Writer: Deane McElree
Director: Sophia Golan
Sophia Golan directs Brief Play About Rage, a one-act play that comes to Omnibus Theatre after a successful run at the Camden Fringe. The production is fast-paced, hysterically funny and pitch-perfect. The three actors and one musician keep the audience on their toes throughout. A motorcycle helmet-clad cellist pulls a bow across their strings as the audience take their seat, and they remain playing throughout the tense production.
Self-titled as an “absurdist comedy”, Brief Play About Rage is set around a visit from Nell (Clare Stenning) to old friend Val (Samantha Begeman) and husband Hugh (Jad Sayegh). Nell, sporting a porcupine-like personality, dives into the action headfirst with insults and confrontations, taking the play into steadily stranger and stranger territory. Just when the audience believes they have gotten an idea of the characters and the likely plot, Stenning changes tack, and the play sails off on another bearing.

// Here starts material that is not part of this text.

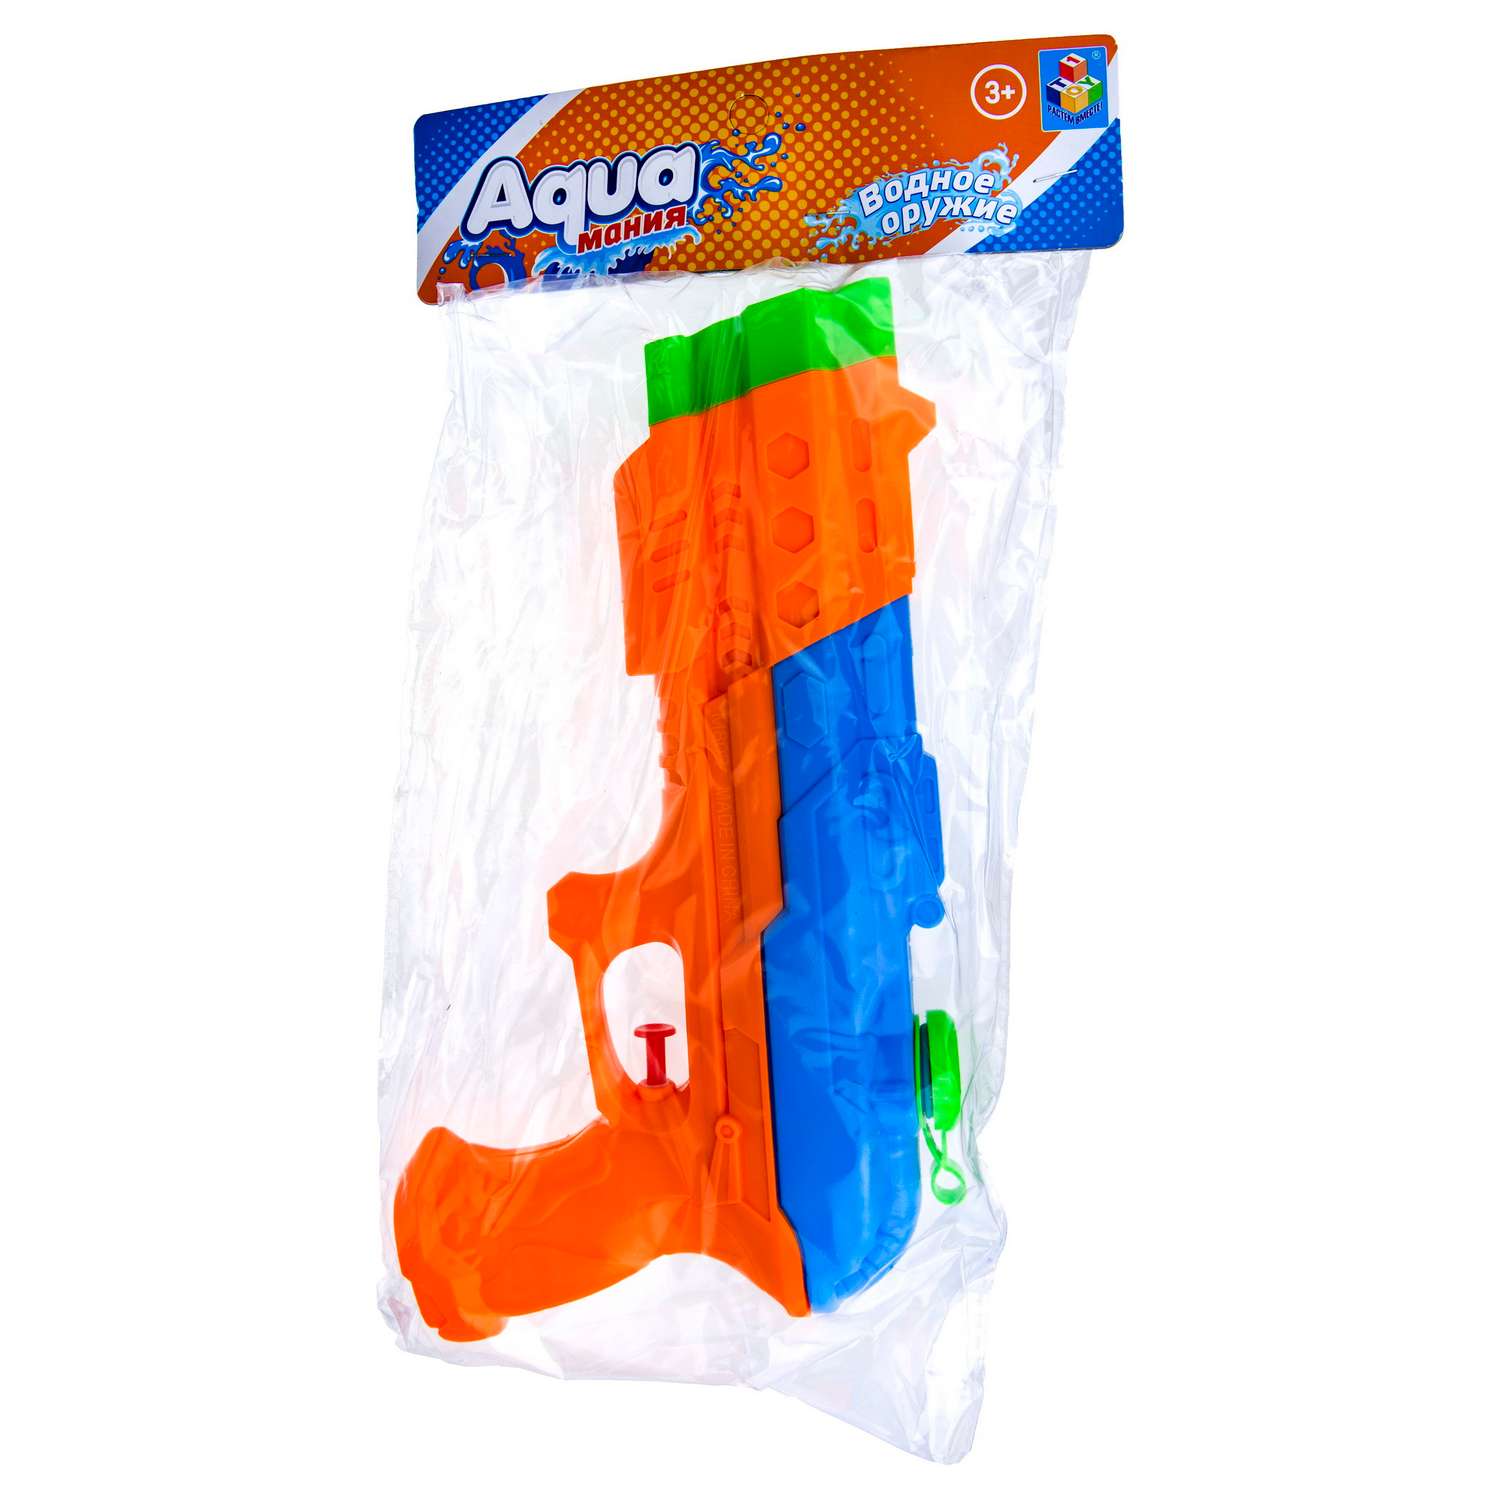 Водное оружие Aqua мания Пистолет оранжево-синий - фото 3

Sayegh is unlikeable from the first line. Hopefully intentionally. His character does gain more empathy towards the end of the production, as the only character who remains vaguely in the real world. Sayegh’s character is largely an audience member, there to demonstrate the ridiculousness of the other two. Begeman and Stenning are sensational. Begeman’s personality shift midway through the play is done with superb professionalism, pulling the audience into the absurdity. Think Micheal Corleone in The Godfather, and how he changes from beginning to end. Now put that into a one-act comedy, equal parts Withnail and I and Sartre’s No Exit.

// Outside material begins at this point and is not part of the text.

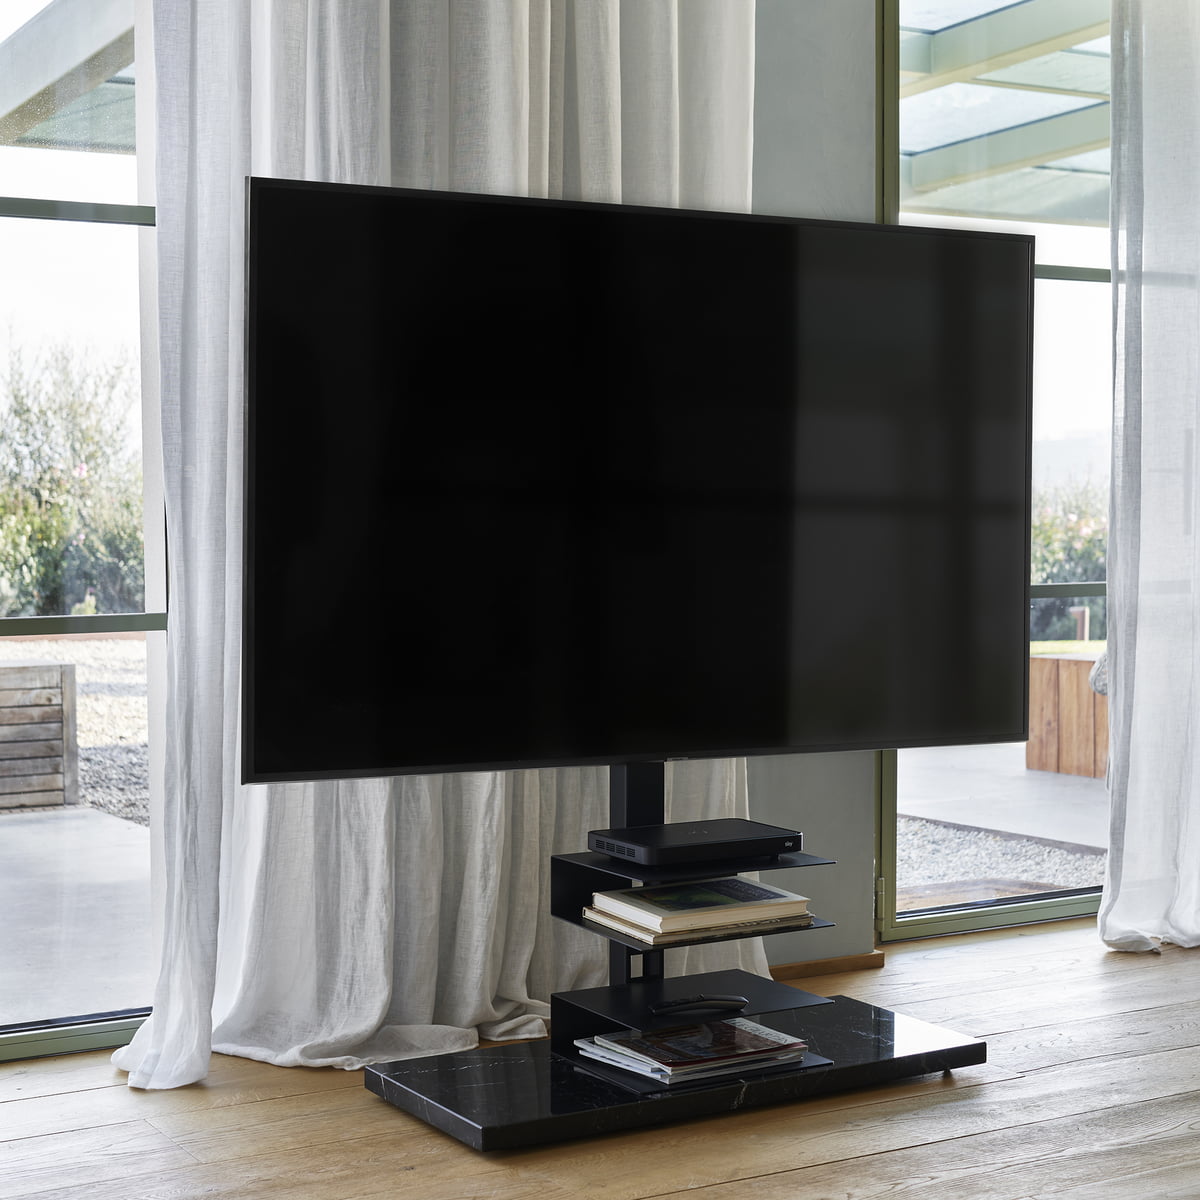 Opinion Ciatti - Ptolomeo TV Smart TV stand

Stenning is the soul of the play, with fantastic comic timing and an excellent ability to make the absurd seem as though it could happen, and is happening. The exit of character Nell some 15 minutes before the end is felt strongly, and the play limps on until the final curtain. This is not just due to the lack of Stenning; writer McElree takes the audience on such a wild journey that it would be almost impossible to return to any semblance of plot or structure. How to end a play that goes everywhere and nowhere? A slightly anticlimactic finish is a more than welcome trade-off for such a fantastic play.
The production is being shown in the delightful Omnibus Theatre, and there is no better place for a play in this weather, with its large, open bar and cafe, and expansive outdoor seating. Brief Play About Rage is nominated for Best New Play and Best Lead Performance at the Fringe Theatre Awards 2025/26.